=== Section Start ===

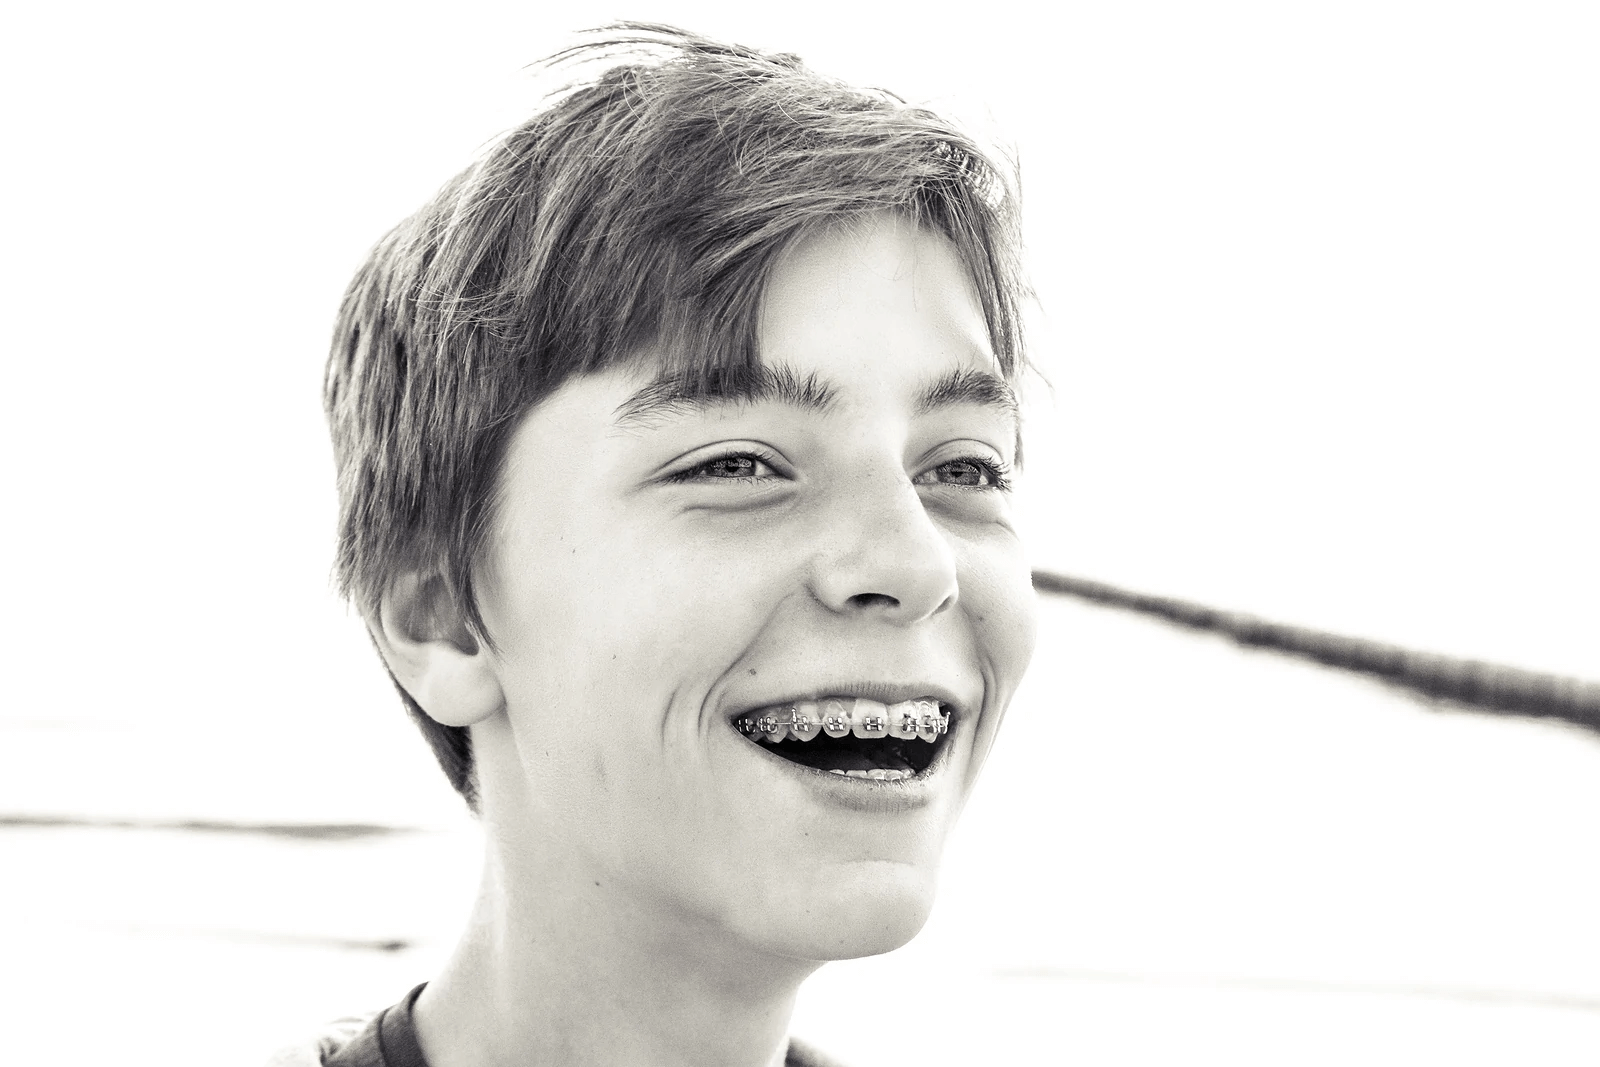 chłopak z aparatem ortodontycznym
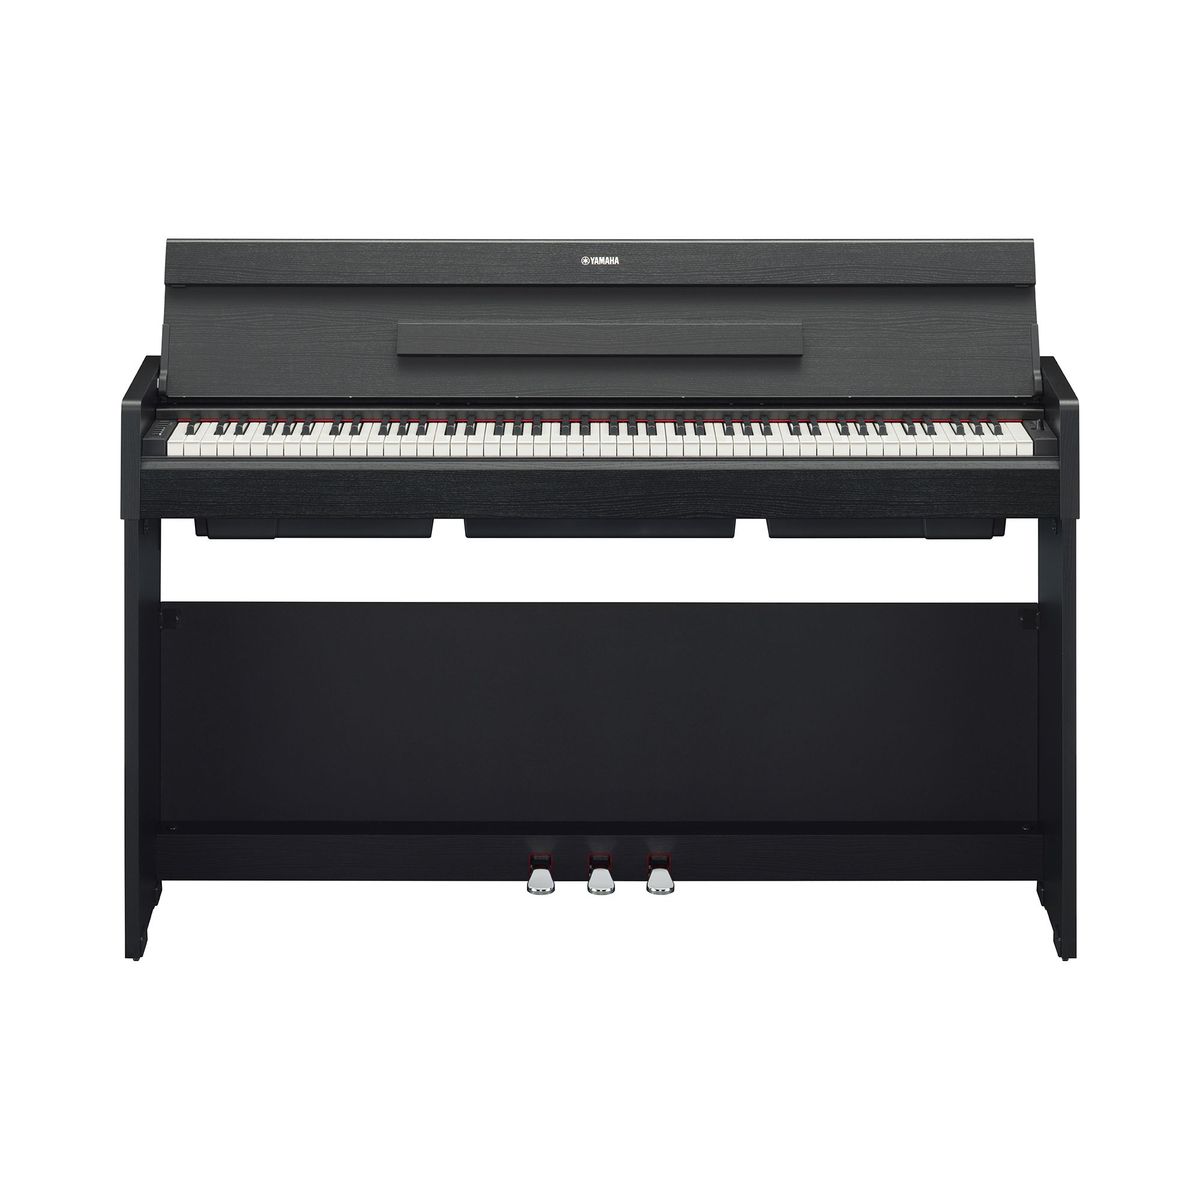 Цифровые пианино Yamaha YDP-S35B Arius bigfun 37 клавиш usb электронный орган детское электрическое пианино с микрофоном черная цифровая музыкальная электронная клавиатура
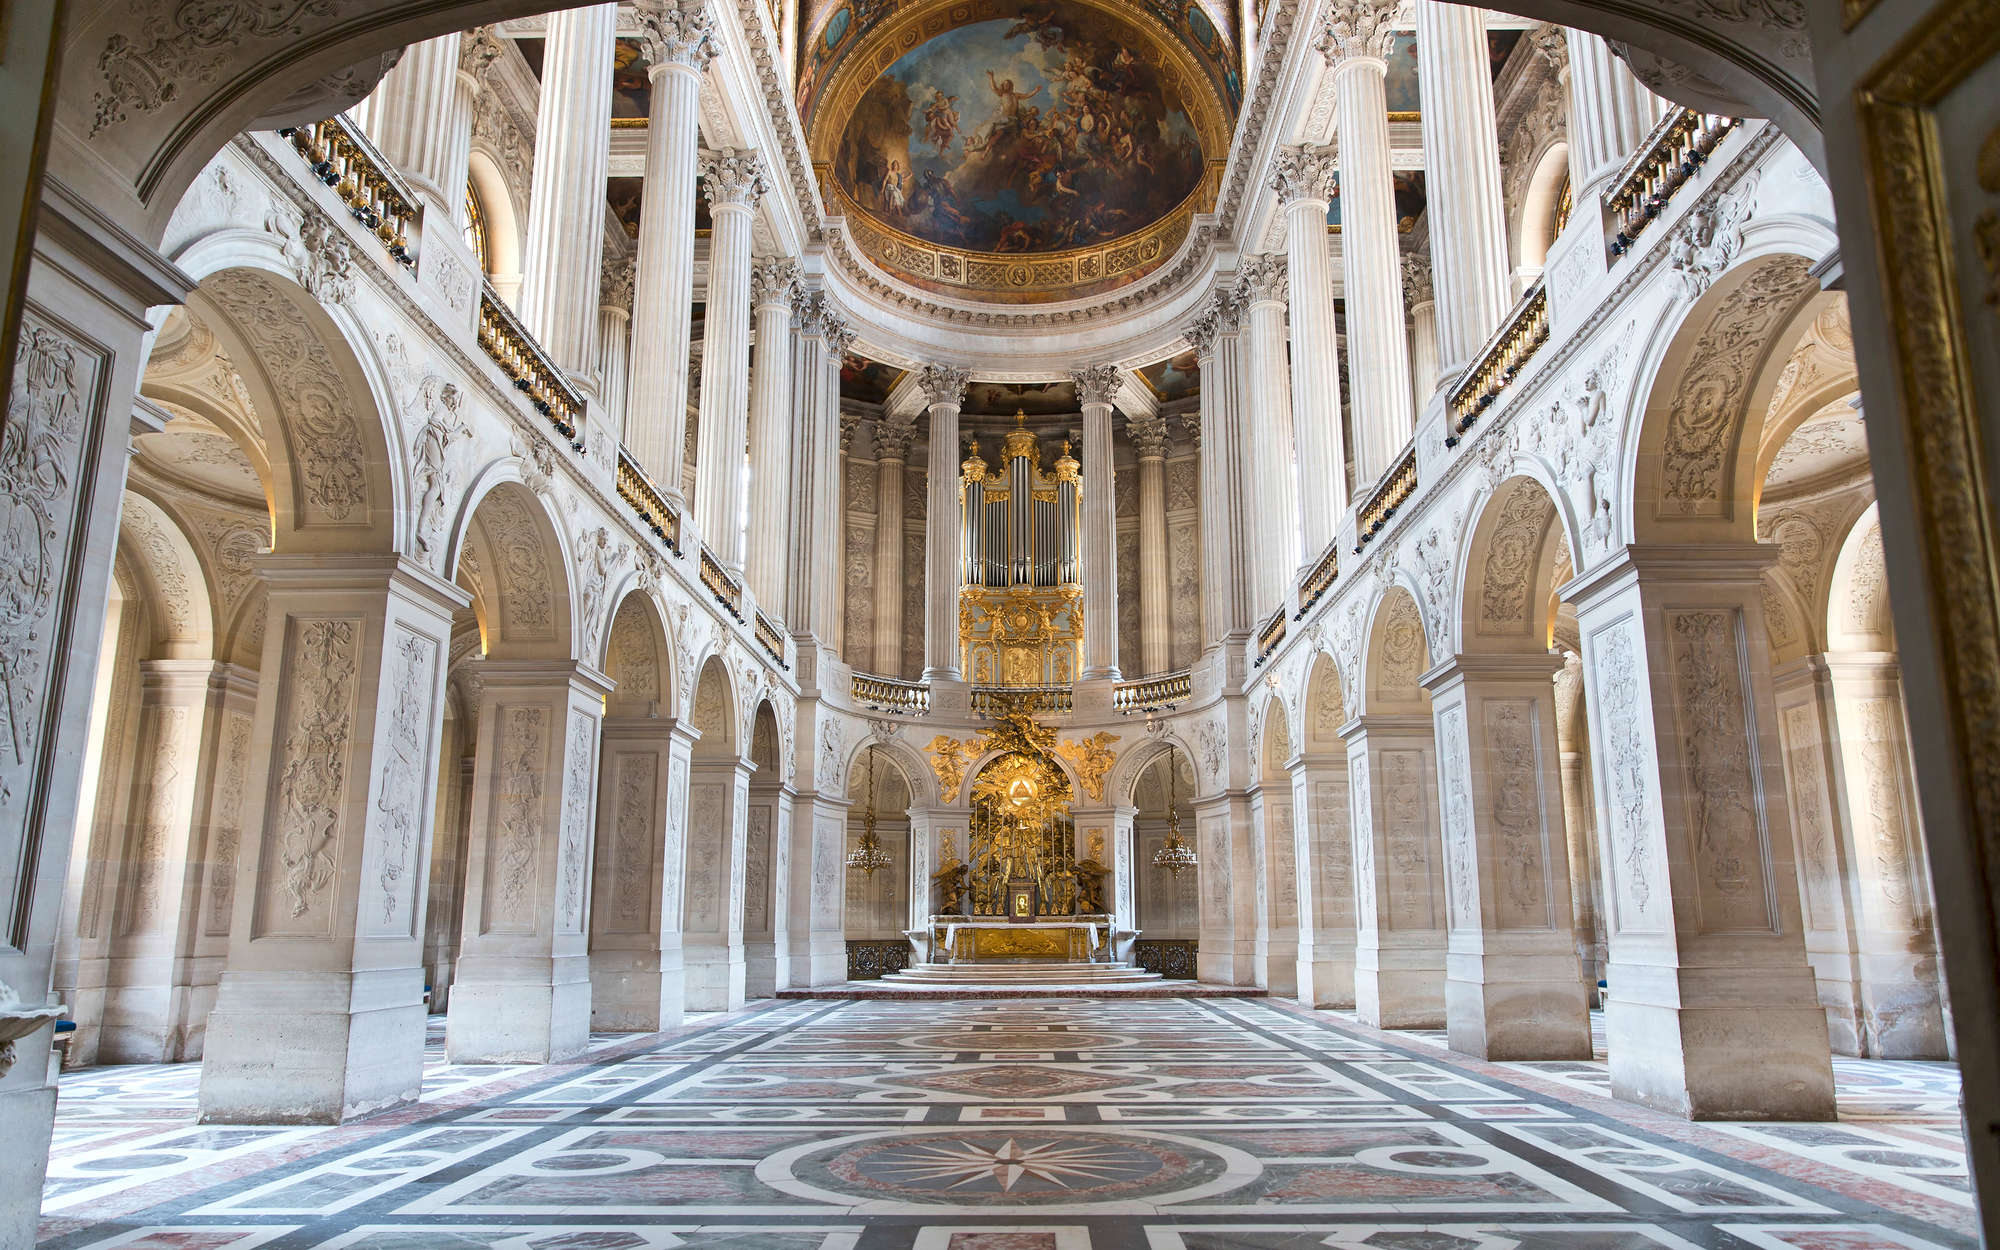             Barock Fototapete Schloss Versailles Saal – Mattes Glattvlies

=== Section End ===

The copy must start at the line containing "Цифровые пианино Yamaha" and end at the last line of the data, matching each line exactly. It must hold no pictures.

 Цифровые пианино Yamaha YDP-S35B Arius bigfun 37 клавиш usb электронный орган детское электрическое пианино с микрофоном черная цифровая музыкальная электронная клавиатура
             Barock Fototapete Schloss Versailles Saal – Mattes Glattvlies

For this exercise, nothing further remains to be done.